NBA Lockout 2: How U Boogaloo

Photo by Cheetah100 via Flickr

 Christmas Day will mark the beginning of this year’s NBA season after players and owners tentatively agreed on the Collective Bargaining Agreement early Saturday morning. The season will only be 66 games long.

Game on? NBA owners, players shake on deal

In the words of the incomparable Chick Hearn, the Lockout is “in the refrigerator: the door is closed, the lights are out, the eggs are cooling, the butter’s getting hard, and the Jell-O’s jigglin’!” It should never have come to this, though; fans reveling that the NBA will start its season on Christmas Day. The lockout has truly lowered expectations during its 150-day run. Mercifully, that run is done and at least we get 66 games instead of 50 or 0… but not 82.

In any event, the Lockout certainly delivered its share of memorable moments besides its most exciting death. The battalion of bloggers, reporters and journalists who stayed up to the wee hours of several (but not enough) bargaining sessions. At least a sense of humor was brought along,  like Ken Berger’s cake imploring the two sides to share…


During the post-meeting press conferences, we discovered that Barons Davis has a woefully inadequate wardrobe for anything resembling a formal business function. Maurice Evans on the other hand was dressed sharply… but he kept bringing the same outfit to every conference while licking his lips like he still had Berger’s cake on his mind.

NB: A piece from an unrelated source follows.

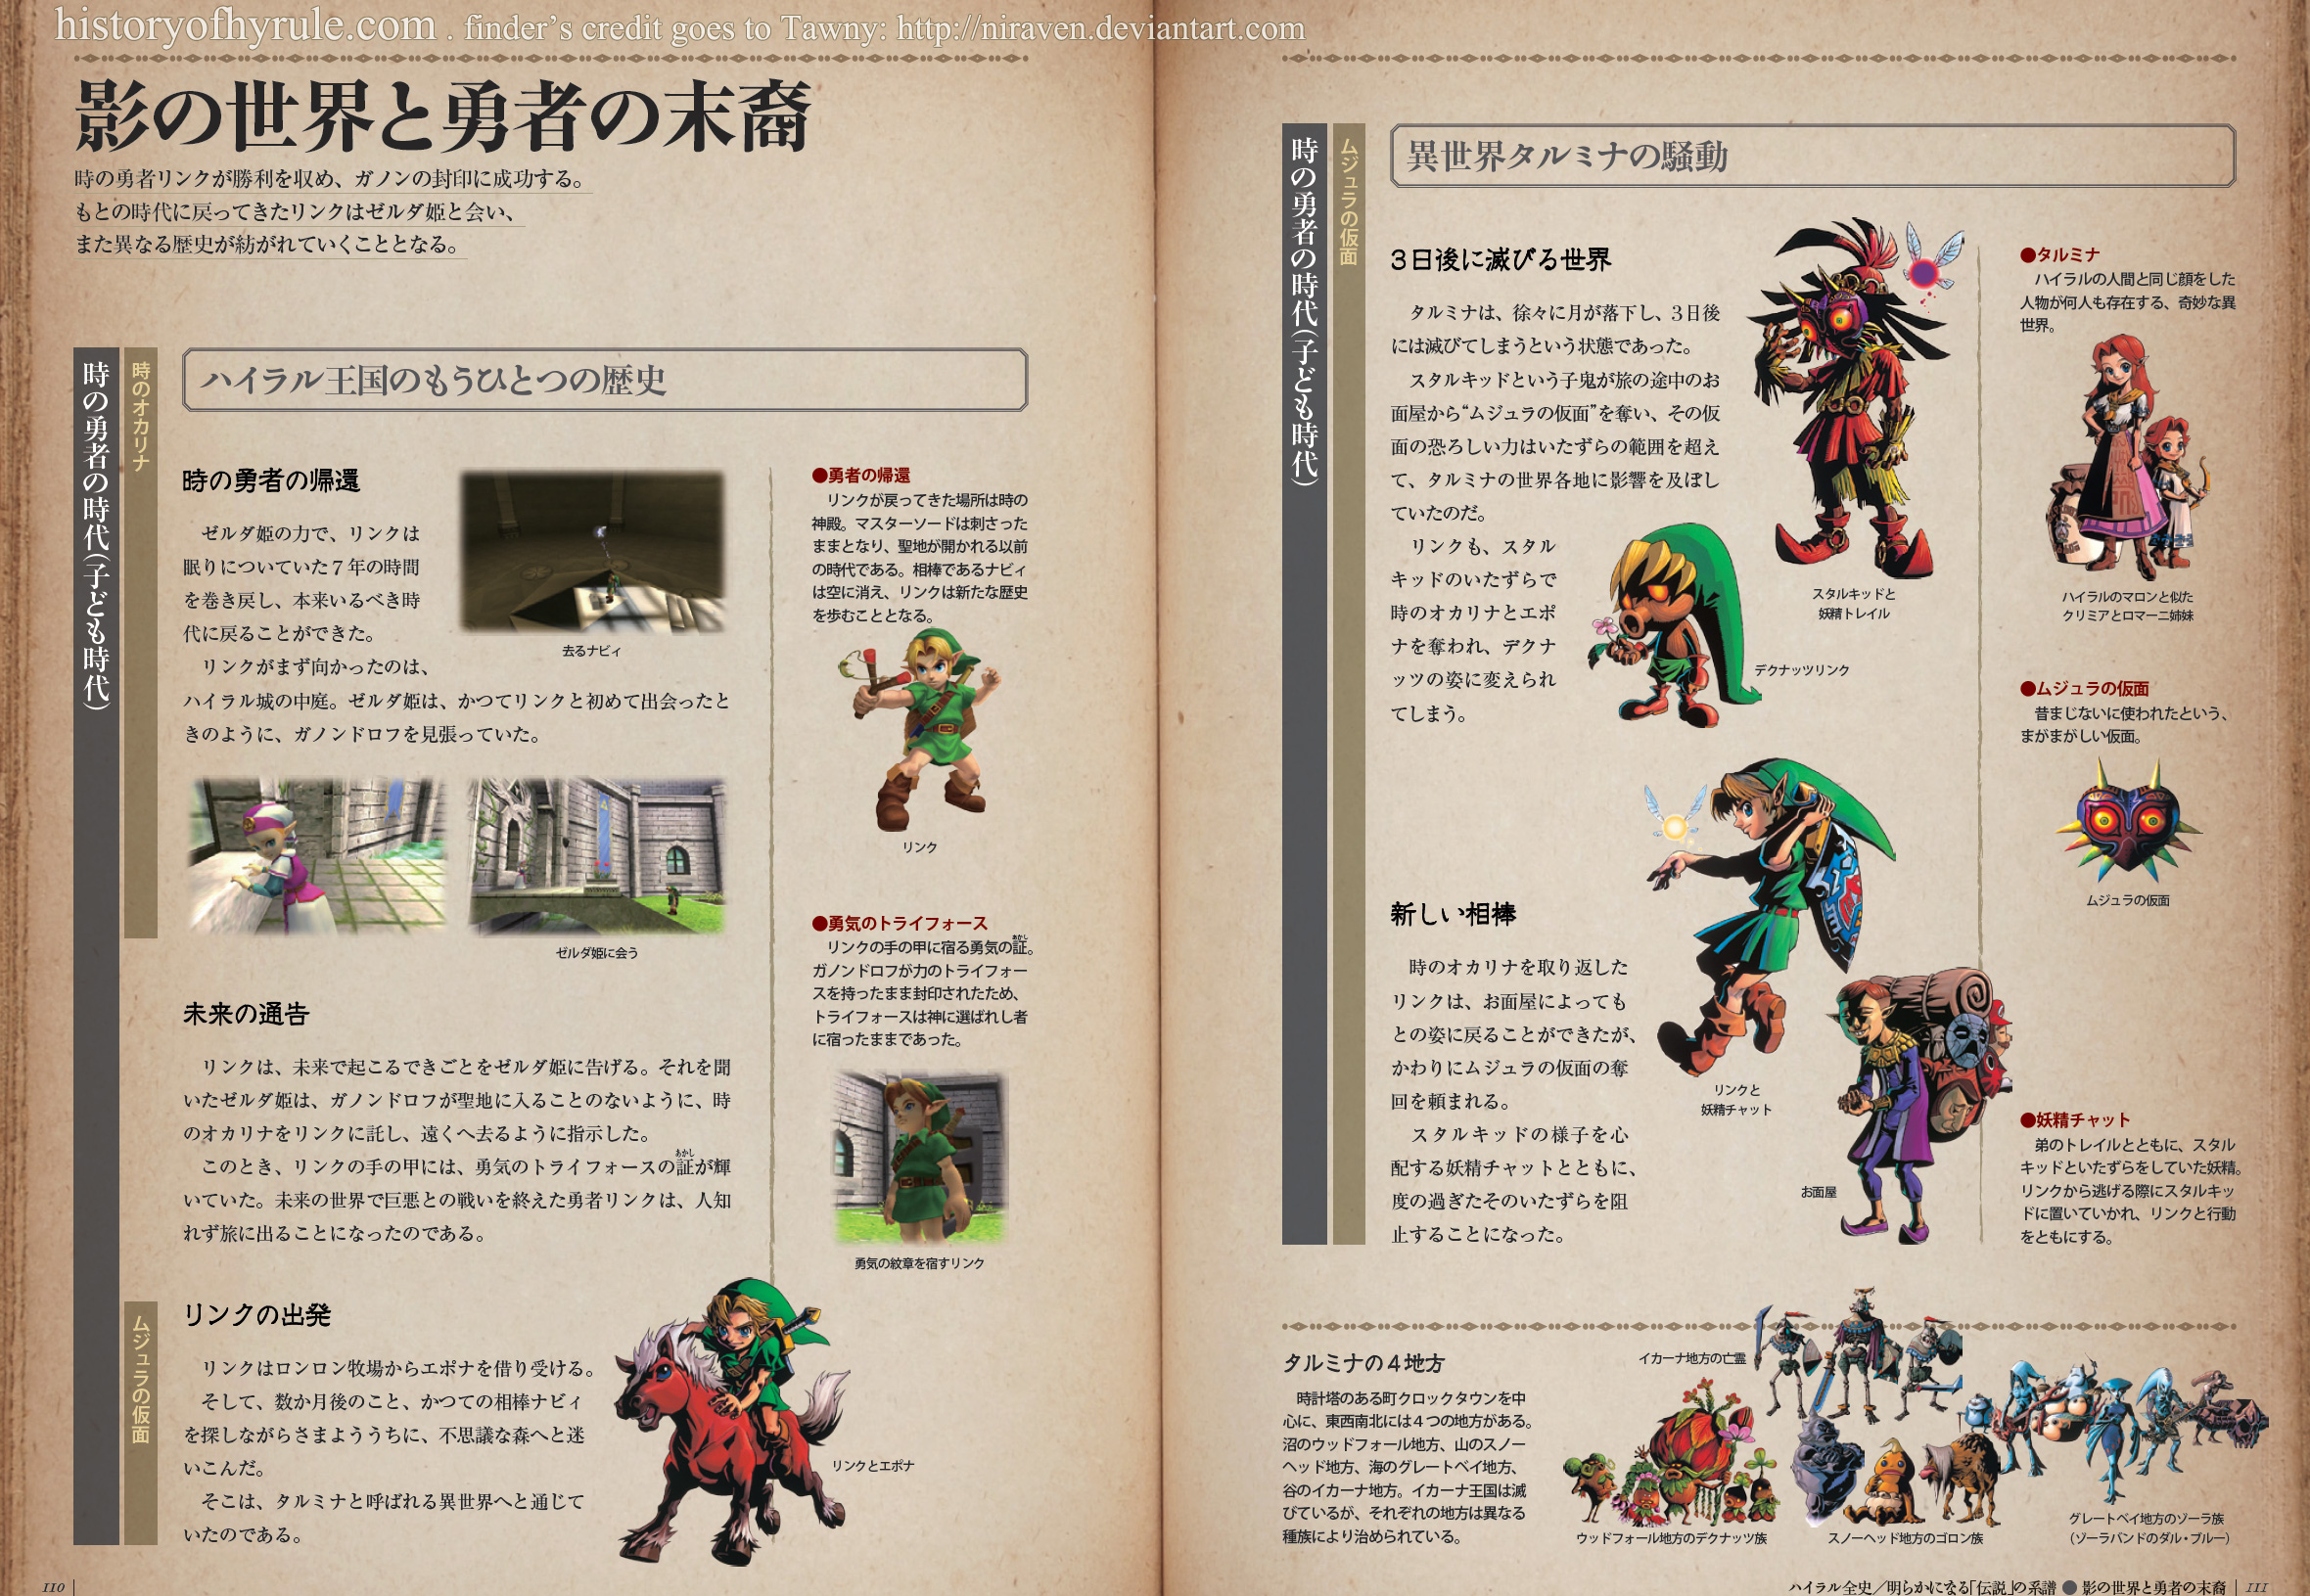  Translations - The Legend of Zelda: Ocarina of Time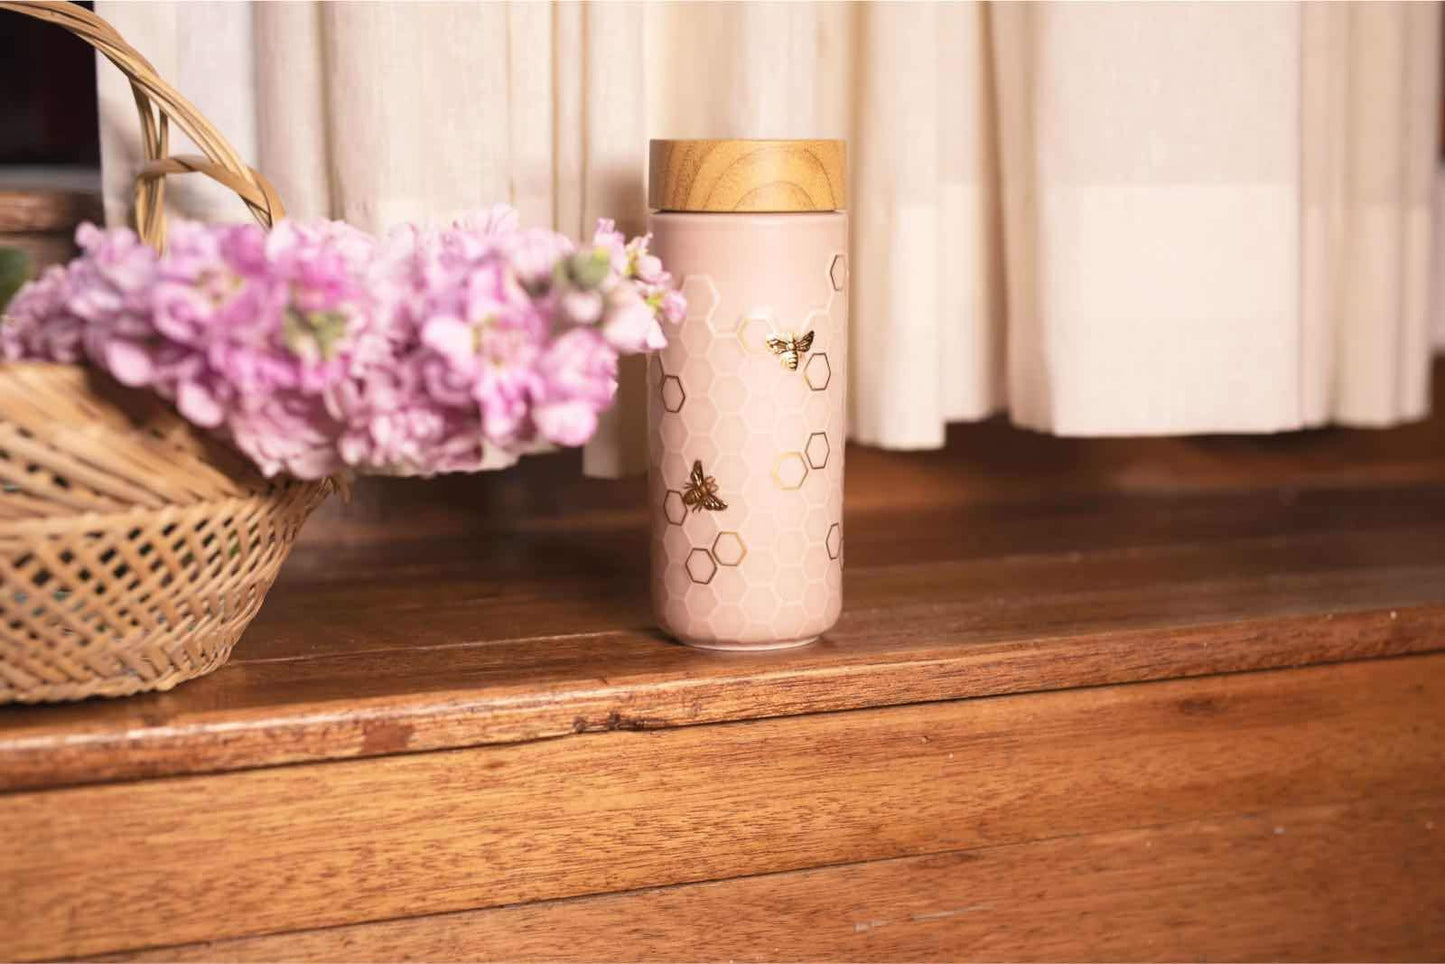 Honey Bee Ceramic Travel Mug

Inside the actual bargaining sessions, we were treated to Lockout Tall Tales including Dwyane Wade, in a Denzel Washington-like fashion no doubt (NSFW), telling David Stern to not treat him like a child. On second thought, maybe it was Kevin Garnett who truly went Training Day on owners,trying to intimidate them like they were a bunch of Marco Belinellis.


Painting by Graham McKean

The Captains of NBA Industry contributed their own unseemly chapters in this grotesque fable. Robert Sarver inexplicably needed to bring the mid-level exception home to his wife inside her designer handbag. MLEs aren’t something you pick up at TJ Maxx. However, I’m sure Sarver offered the retailer several draft picks before learning they don’t carry CBA clauses. Spurs owner Peter Holt (reportedly) invoked the spirit of Clubber Lang . The normally reserved Holt had us all scratching our heads with that one. Dan Gilbert on the other hand was disturbingly rubbing his belly, hopefully not with guava jelly. Imploring players to “trust his gut” in the midst of a contentious, acrimonious negotiation was a baffling. Then everyone sobered up and realized it was Dan Gilbert after all. The baffling then became run-of-the-mill.

David Stern, meanwhile, was going on tour like A Tribe Called Quest. He was here, there and everywhere warning of “enormous consequences” and doing his best to sully the reputation of the players that make his job and league possible. Adam Silver made himself rather undistinguished in his one day as substitute commissioner when Stern stayed home sick to watch the Price is the Right. Tentative hope vanished as that round of negotiations horrifically transmogrified like Michael Jackson in the Thriller video (or like Jackson progressively did in real life).

But of course, the most memorable moment from this sad affair was Roger Mason, Jr.’s inadvertent tweet that it was “looking like a season”. Punctuated with the now-world famous “how u”. Yesterday, Mason pulled that cat out of the bag once more… and hopefully  nevermore.

Good riddance, Lockout. You deserved to die and I hope you burn in hell.